### [What the exercise asks]
Copy the listing below in full and skip every picture.

### [Information provided]

○ ○ ○ ○ ○ ○ ○

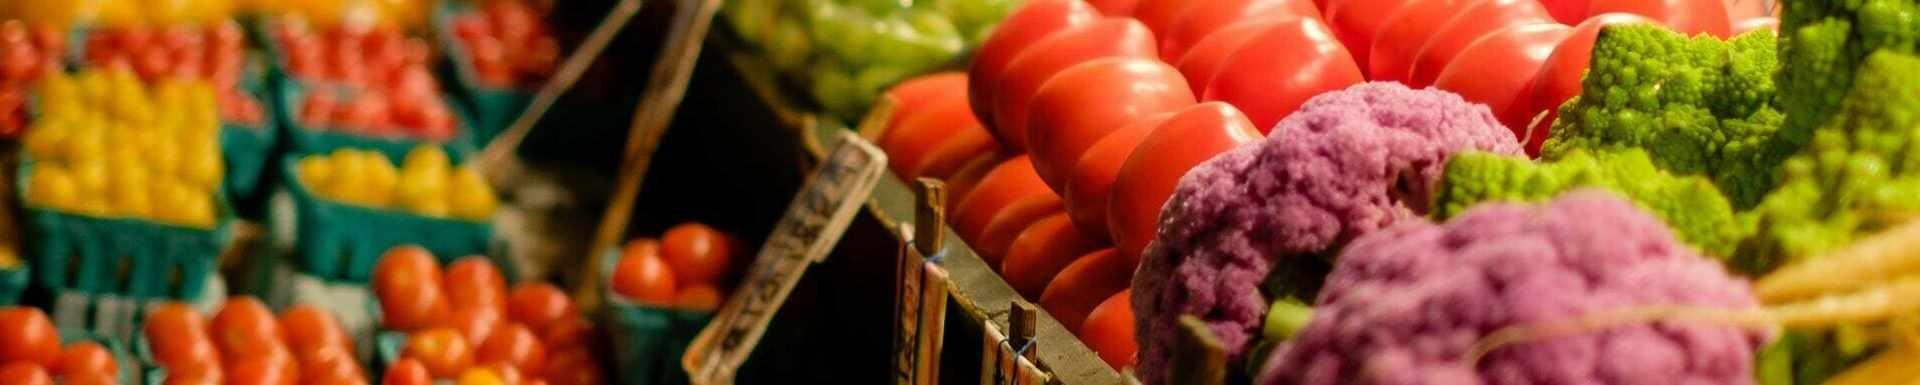 Ahora con Glovo fruta y verdura a domicilio
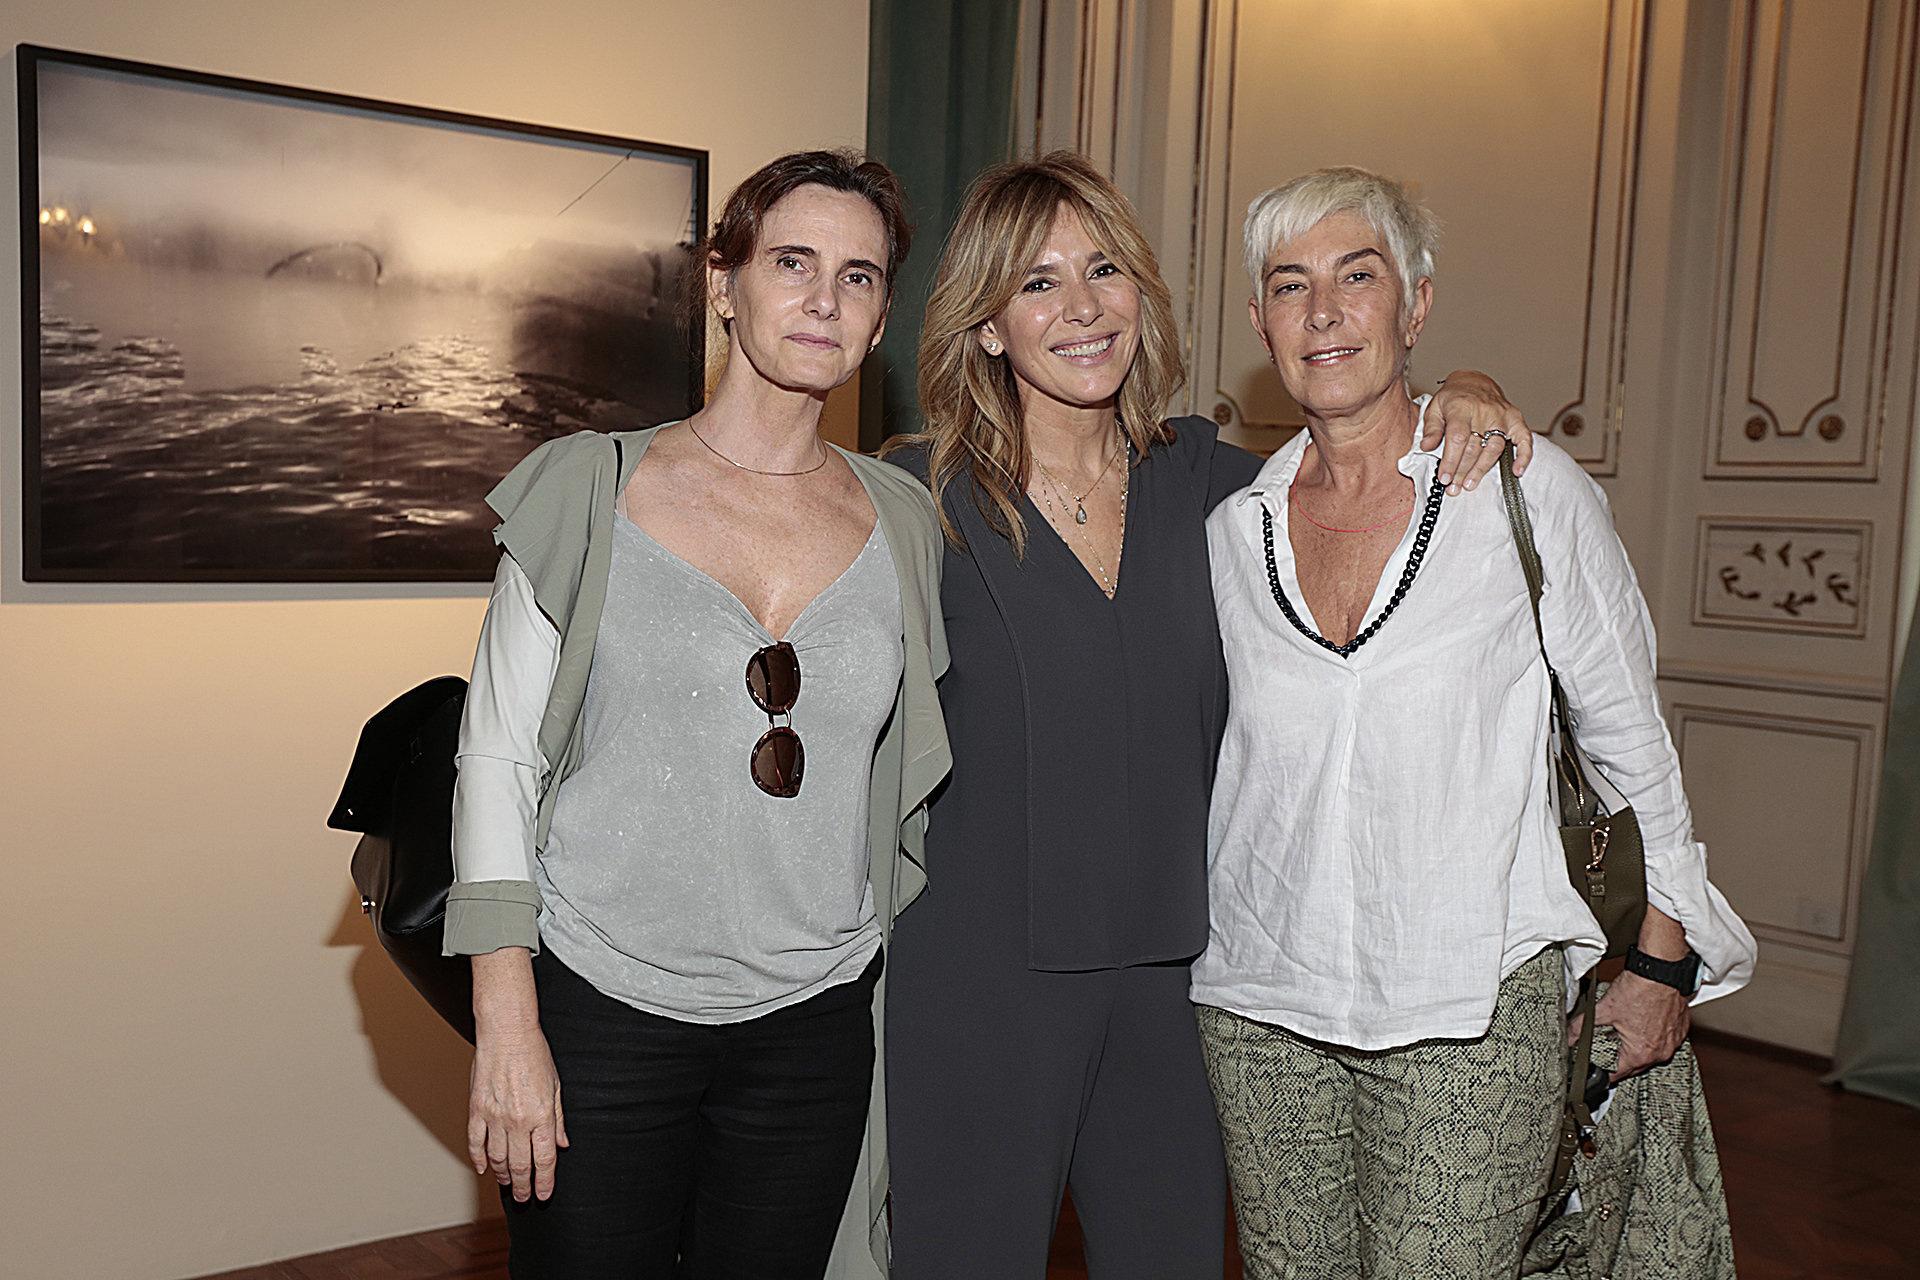 Las fotógrafas Andrea Alkalay y Andrea Guedella junto a la expositora
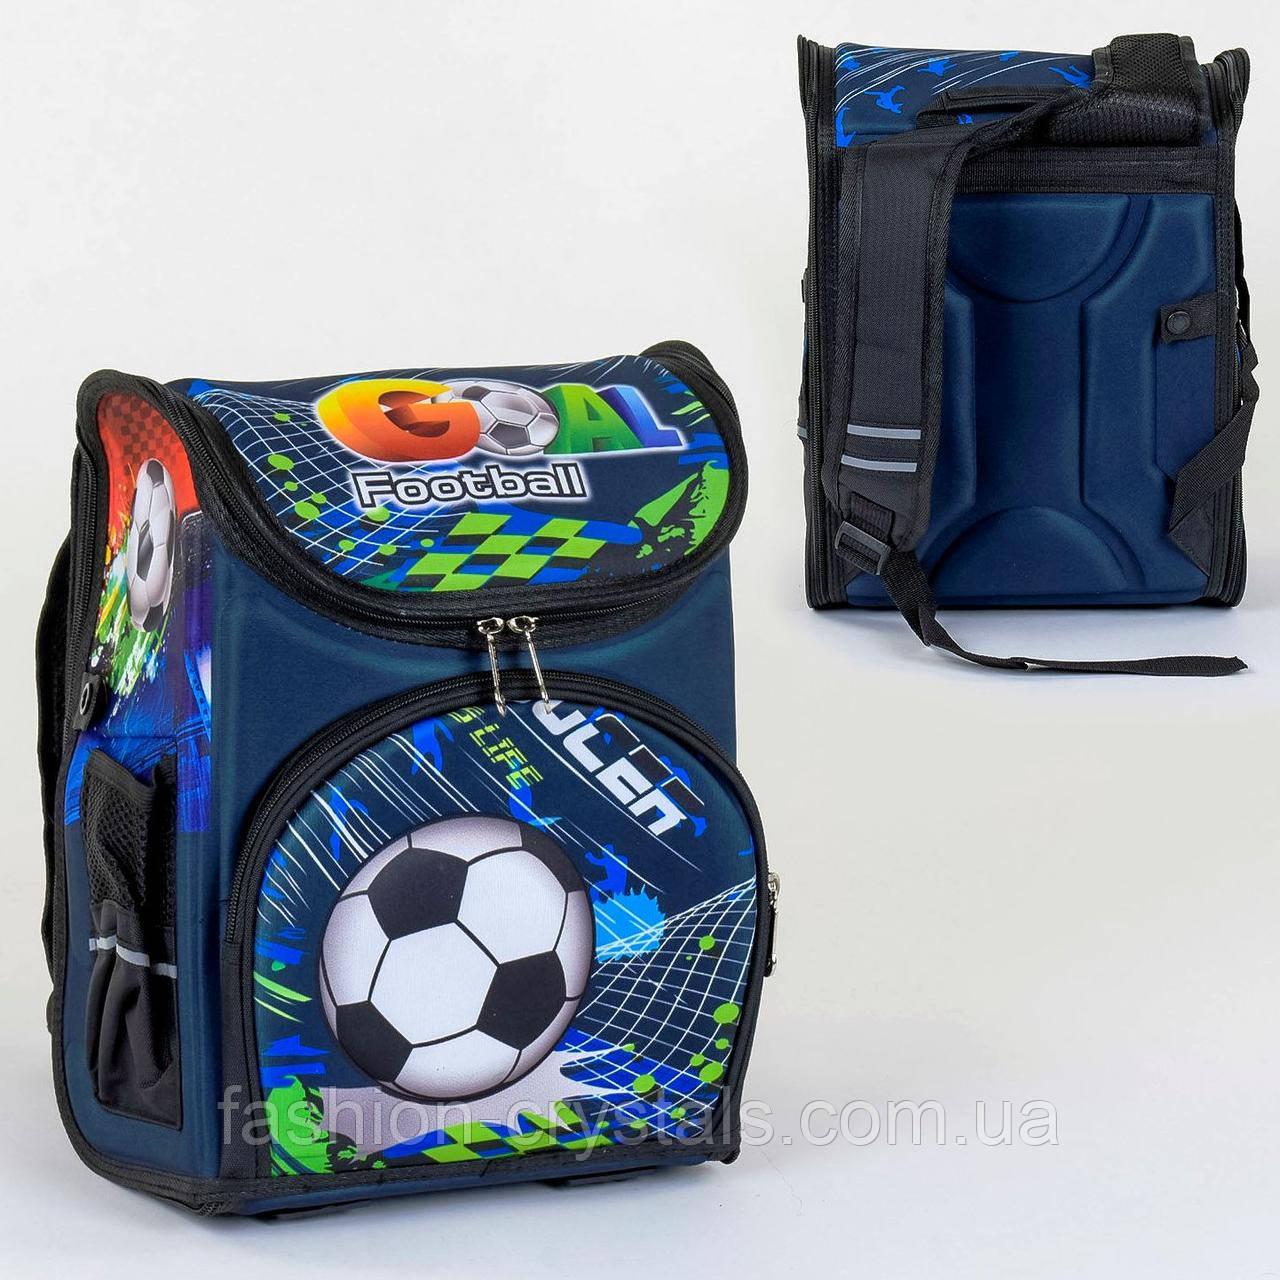 Рюкзак football c 3D принтом C 36159

○ ○ ○ ○ ○ ○ ○

### [Response]
 Ahora con Glovo fruta y verdura a domicilio
 Las fotógrafas Andrea Alkalay y Andrea Guedella junto a la expositora
 Рюкзак football c 3D принтом C 36159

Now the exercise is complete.